The Student News Site of Sacramento City College

The Express

Students show outrage over hateful graffiti on campus, protest over school’s response


Kandra Coleman holds a sign out front of Rodda Hall North Tuesday after protests on campus erupted over hate graffiti. Jason Pierce |  Co-Editor-in-chief | [email protected]

Students show outrage over hateful graffiti on campus, protest over school’s response

Reporting: Jason Reed and Ben Irwin 

Story: Jason Pierce and Vince Ybarra


Outraged students protested Tuesday outside Rodda Hall North, the day after racist graffiti was reported in a first floor men’s restroom. Students held up signs while speaking about their concerns to college faculty and administrators.

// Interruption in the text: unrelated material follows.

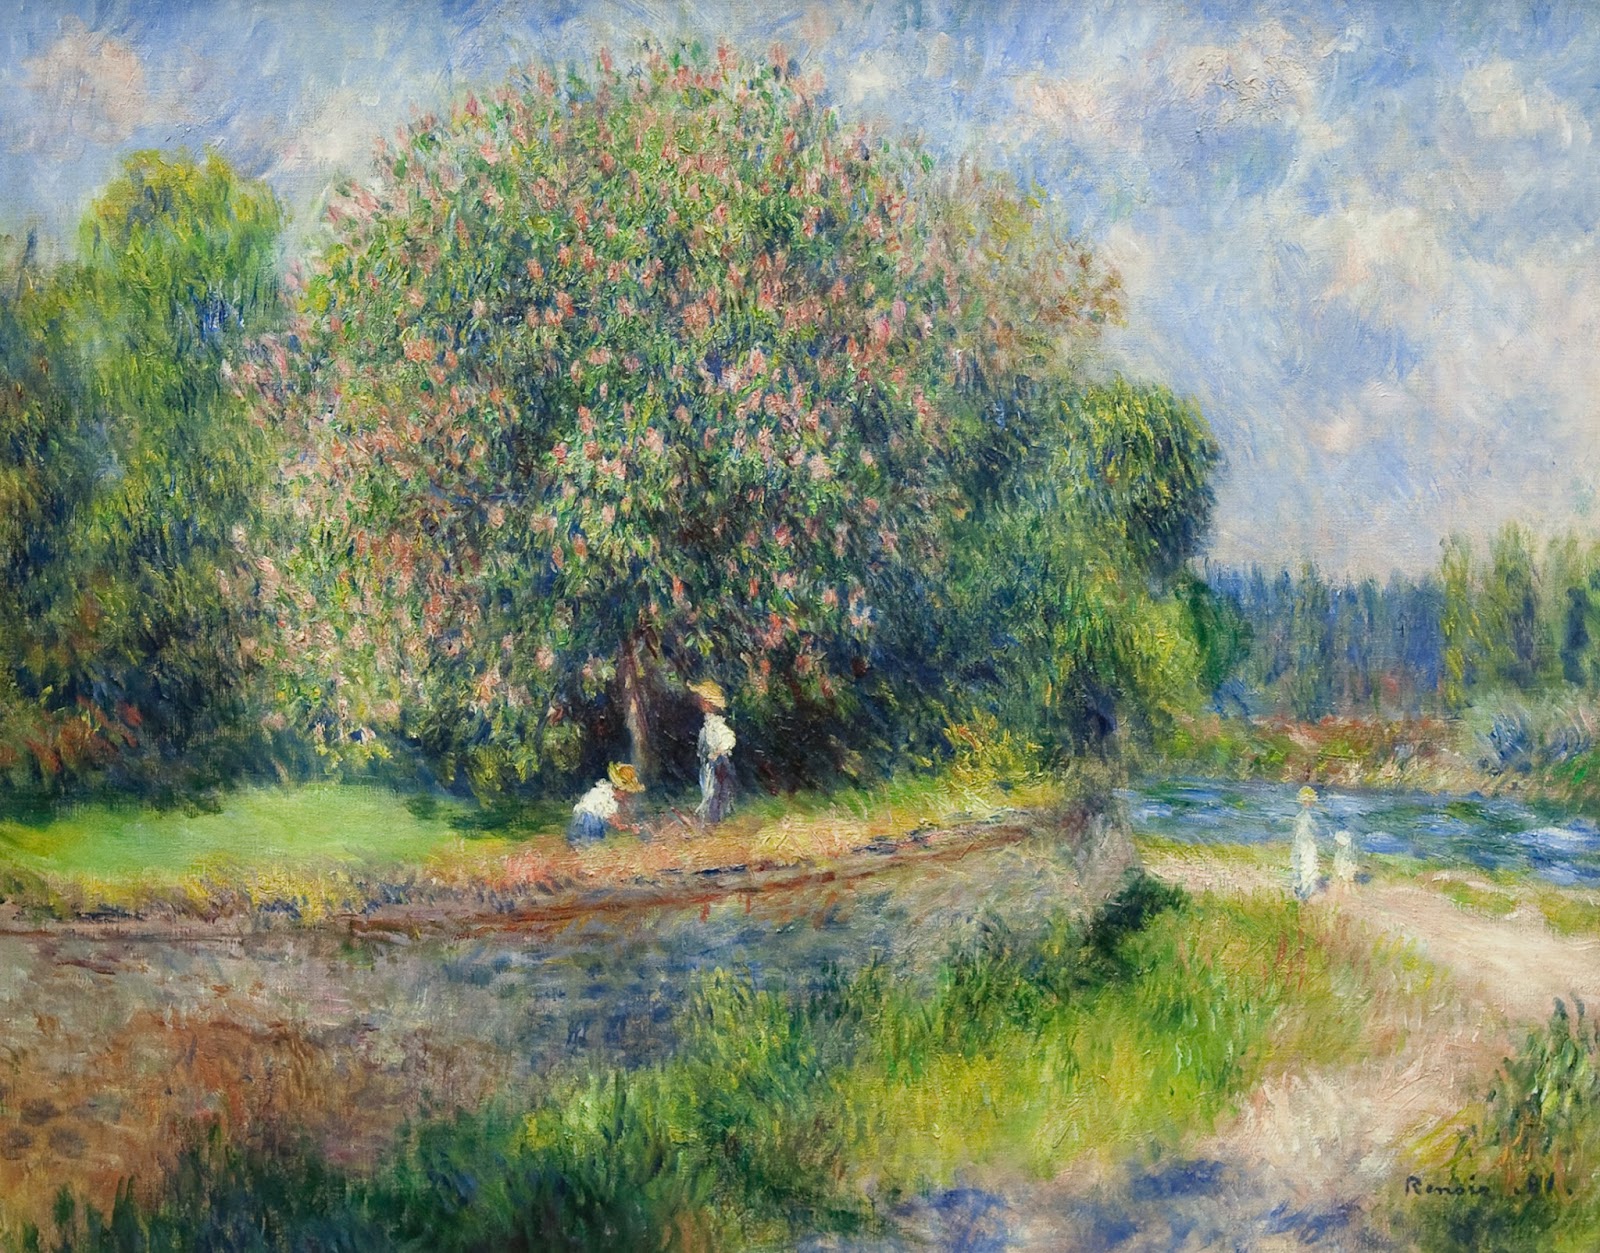 Pierre+Auguste+Renoir-1841-1-19 (471).jpg

Some students blocked the entrance to the restroom where, among other slurs, the hate speech said, “Enough is enough. Time 2 fight back.” Another piece of graffiti said, “Kill them all.”

City College President Michael Gutierrez sent an email to the college community Tuesday morning saying that hate speech targeting African-Americans and swastikas were found on the walls and mirror of the restroom.

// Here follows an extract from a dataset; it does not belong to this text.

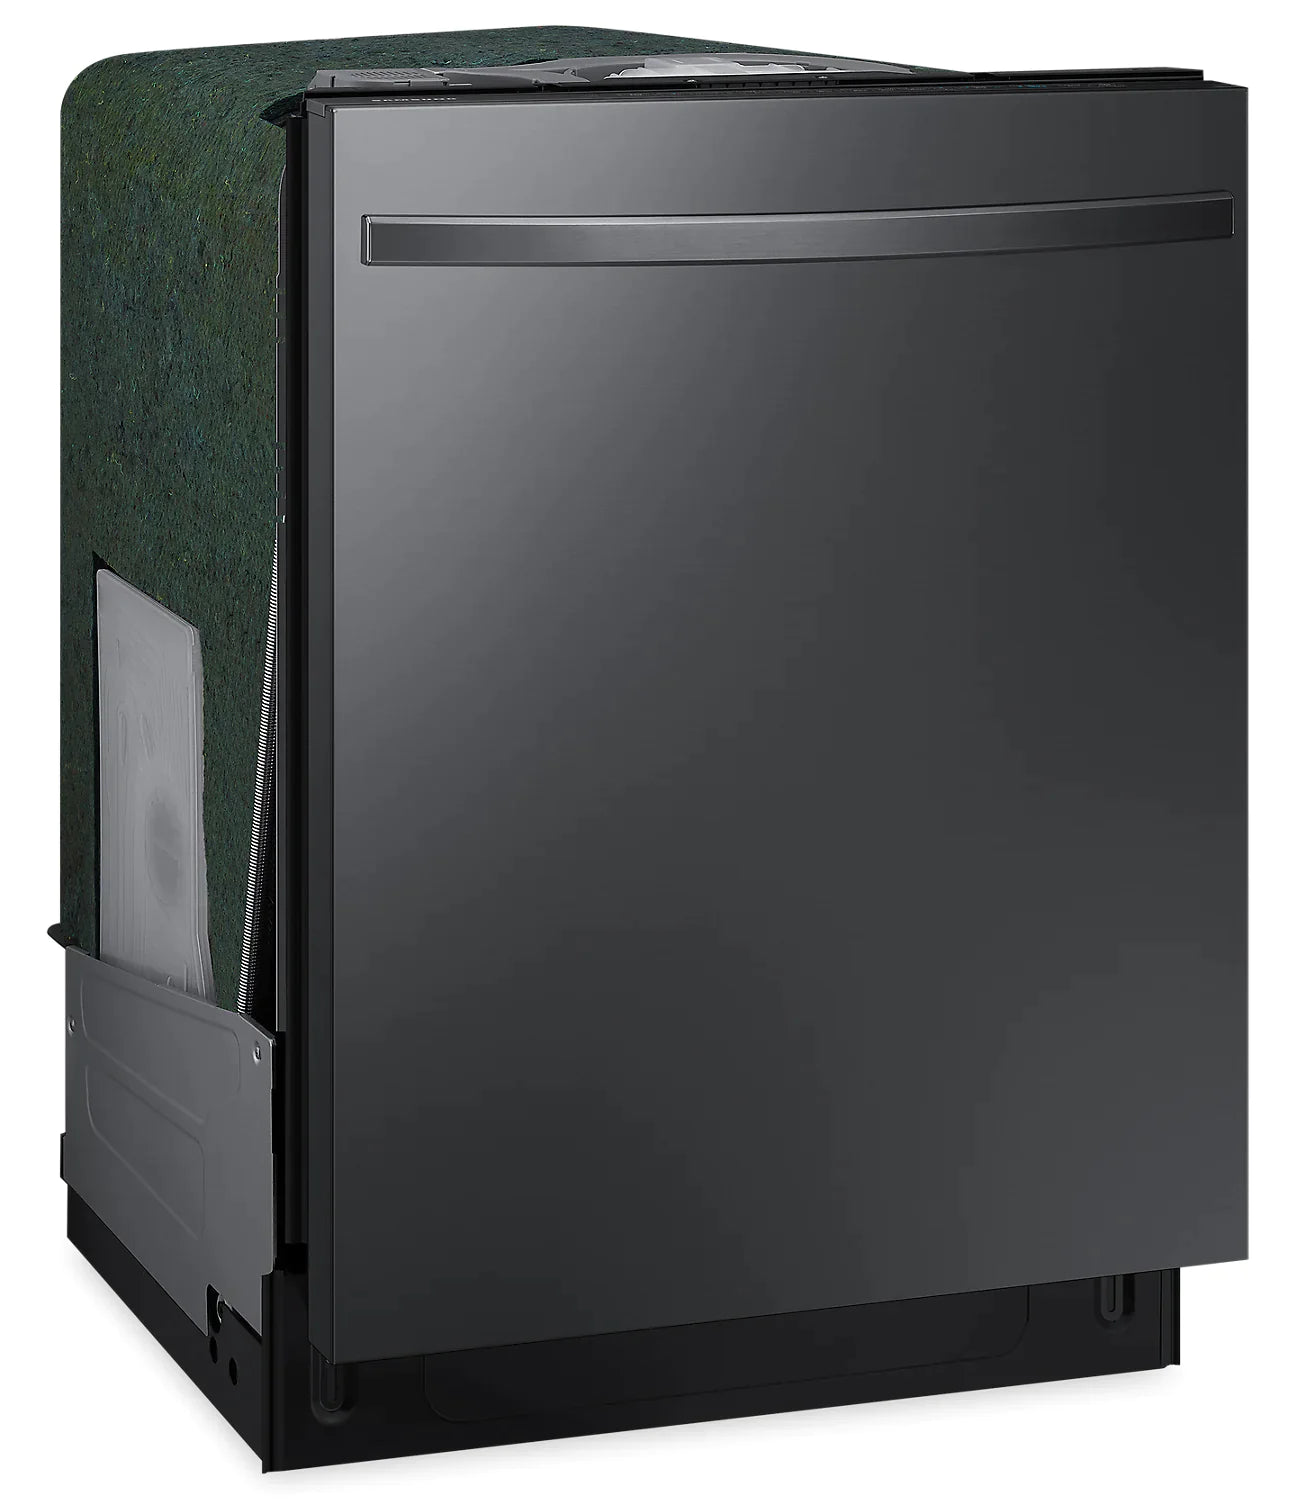 Samsung Dishwashers 24" Black Stainless Steel DW80R5061UG - Appliance Bazaar

“Several of our students saw this upsetting scene before we were notified and able to remove the slurs,” Gutierrez said in the email. “I want to thank the students who came forward to report this crime.”

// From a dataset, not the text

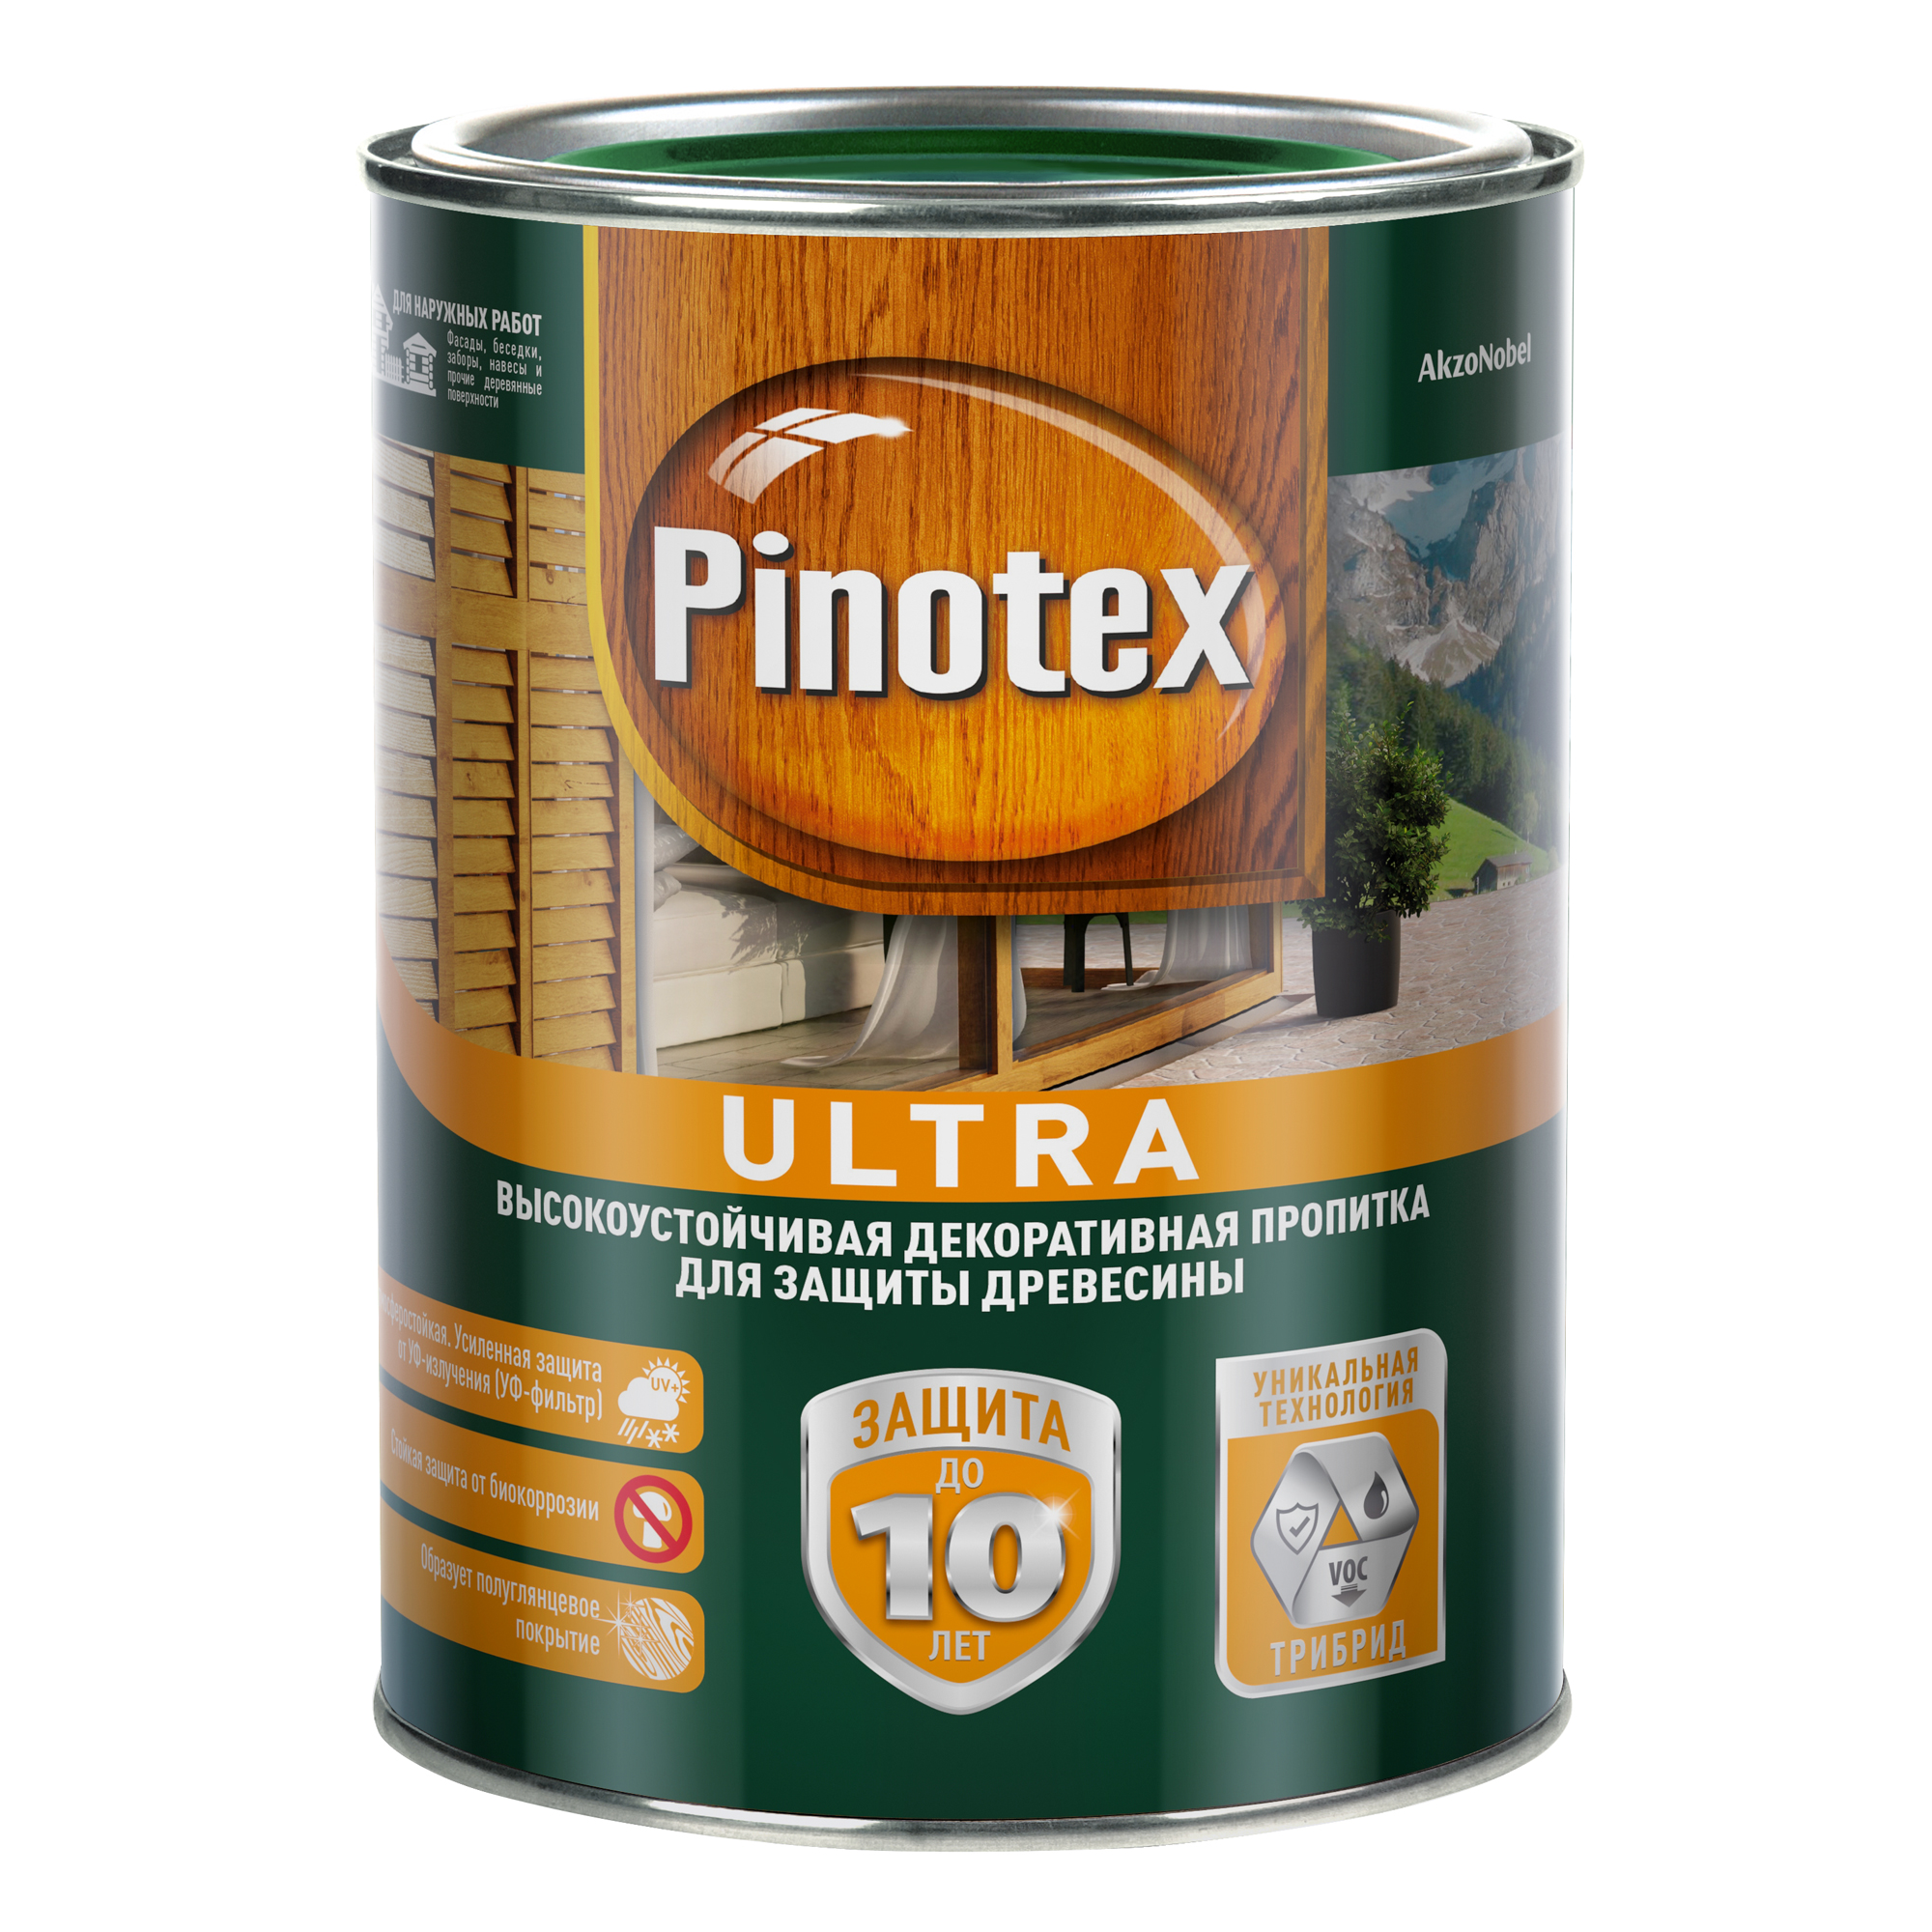 Пропитка Pinotex ultra 1л бесцветный

He added, “I am deeply troubled that something like this would happen here, in a place where we should all feel safe. I want to be perfectly clear—hate has no home on our campus.”

Los Rios police responded to the incident Monday about 10:30 a.m., according to Kandra Coleman, student and president of Umoja Success Scholars.

“Yesterday morning I came to school after my first class around 10:30ish, I noticed that there was some officers standing in the hall,” said Coleman. “I asked some of the staff what was going on. They said ‘oh, well someone wrote some racist things and there was some swastikas’ they kind of downplayed it.”


Photos of the graffiti were posted to social media Monday evening and again Tuesday morning expressing frustration with the schools response.

City College Public Information Officer Kaitlyn MacGregor said that she and the president learned about the racist graffiti Tuesday morning.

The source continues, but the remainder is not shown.